Он обогнул ее, поднял с пола осколки пастушки и положил их на столик, а потом остановился перед одной из обитых атласом кушеток, расположенных полукругом возле столика.
— Я, видишь ли, был тогда очень болен, и мои воспоминания о том времени довольно туманны. Но постой! Ах да, легкое мимолетное неприятное воспоминание осталось, — промолвил он, приглашая ее усесться, чтобы иметь возможность сделать то же. — Но это такая древняя история, Мелани, и почти забытая, тем более что я нашел возможным прервать свои развлечения в Лондоне и вернулся сюда, имея в виду совершенно иное. — Он помолчал, поощряя ее надежды, чтобы уничтожить их вопросом: — Скажите, миссис Тремэйн, дома ли ваш супруг?
Мелани отодвинулась на самый край кушетки, упиваясь видом своего возлюбленного. Он решил наказать ее, это ясно. Но она видит в его глазах, в его взгляде — он все еще ее любит. Никто на свете не может, однажды прикоснувшись к ней, освободиться от страсти. Никто. Ни Эдмунд. Ни Люсьен. Он что, не понимает этого? Как он может сидеть тут, вальяжно развалившись, и даже не попытаться ее обнять?! Ее собственное сердце, казалось, вот-вот выскочит из груди, она едва понимала, о чем он говорит.
— Эдмунд? — вяло переспросила она. — Ты приехал, чтобы увидеть Эдмунда? Но почему, дорогой? Он же ничто для тебя. Он ничто для нас обоих — ну разве что временное затруднение. Ну пожалуйста, Люсьен, если тебе хочется поговорить, говори про нас с тобой. Тебе так много еще нужно узнать. Я даже не представляю, как передать тебе, какой несчастной я была без тебя.
Люсьен извлек из жилетного кармана изукрашенную финифтью табакерку и ловко откинул пальцем крышку. Мелани захотелось захлопать в ладоши при виде его элегантной небрежности. Поднеся поочередно к каждой ноздре по понюшке специальной смеси, он сказал:
— Честно говоря, дорогая, я был бы скорее рад, если бы ты этого не делала. Я обнаружил, что не в состоянии выслушивать жалобы людей на свои горести и несчастья. Пусть я буду грубым, но я честно признаюсь, что моментально утомляюсь от таких бесед. Скажи мне, пожалуйста, вы случайно не держите прохладительных напитков для гостей в Тремэйн-Корте, или этот смешной обычай отошел в прошлое?
Мелани так и подскочила с кушетки, позвонила в колокольчик и грозно приказала слуге сию же минуту принести прохладительные. Мистер Тремэйн находился в пути с самого рассвета и может даже пострадать от голода!
Разделавшись с этим, она снова обернулась к Люсьену, несколько опасаясь, что она лишь грезит о его возвращении. Но нет, это не могло быть сном. В ее снах Люсьен никогда не бывал с ней столь неумолимо холоден.

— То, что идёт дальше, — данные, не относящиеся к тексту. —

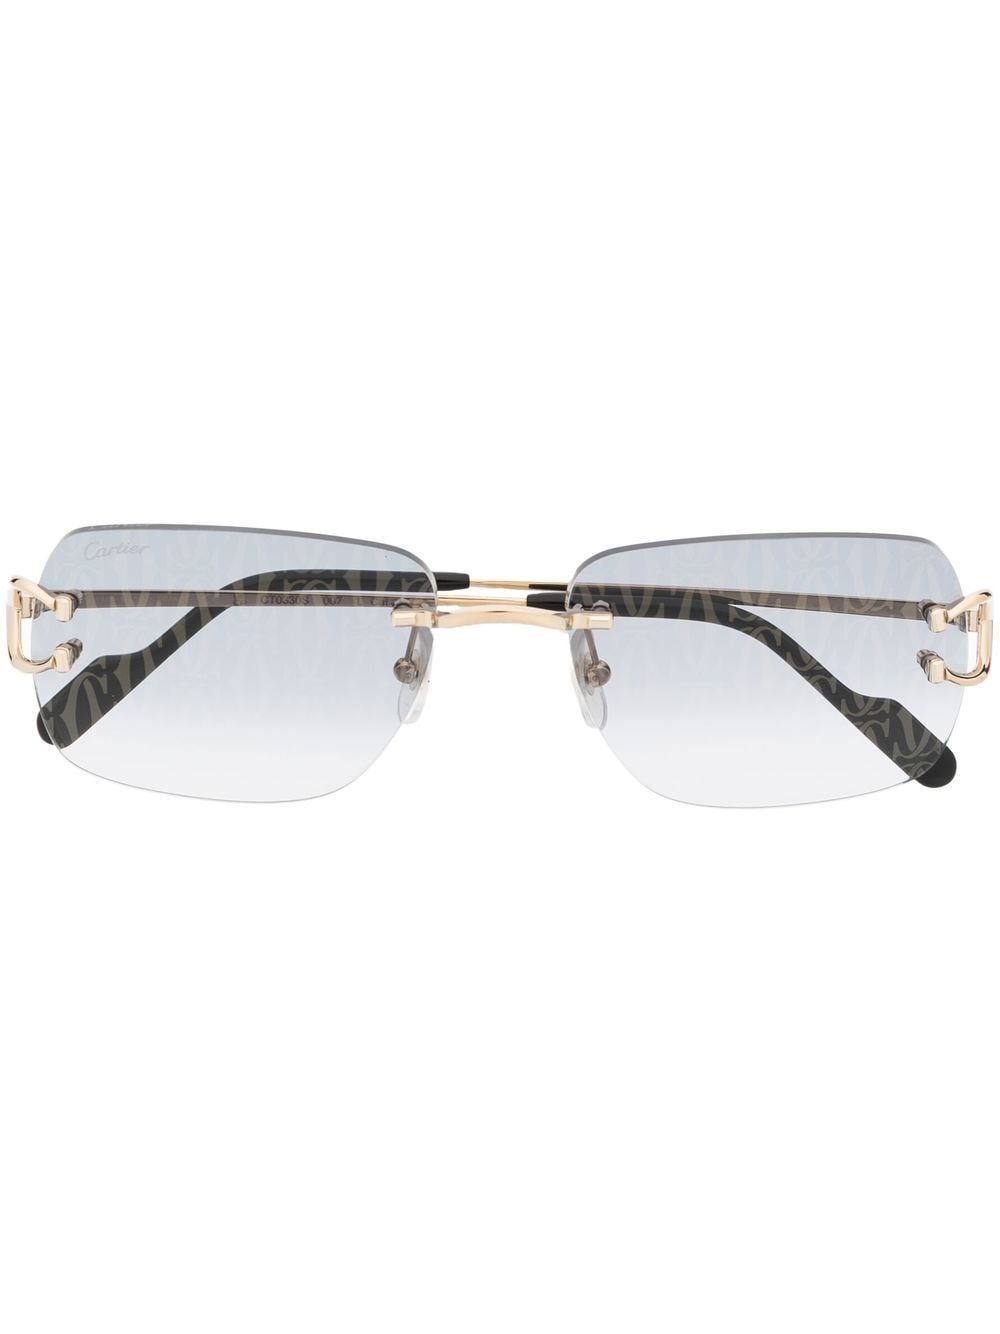 Cartier Lens Decal Pattern Sunglasses In Gold

Этот новый Люсьен пугал ее и в то же время еще сильнее распалял. Полюби он ее — он был бы чудесен, оставаясь равнодушным — стал неотразим. И теперь она хотела его гораздо сильнее. Она хотела его так, как некогда он хотел ее, так, как он будет хотеть ее снова. Ей нужно только набраться терпения. Он ведь вернулся.
Ей надо еще немножко подождать, и он будет ее. Все, все будет ее.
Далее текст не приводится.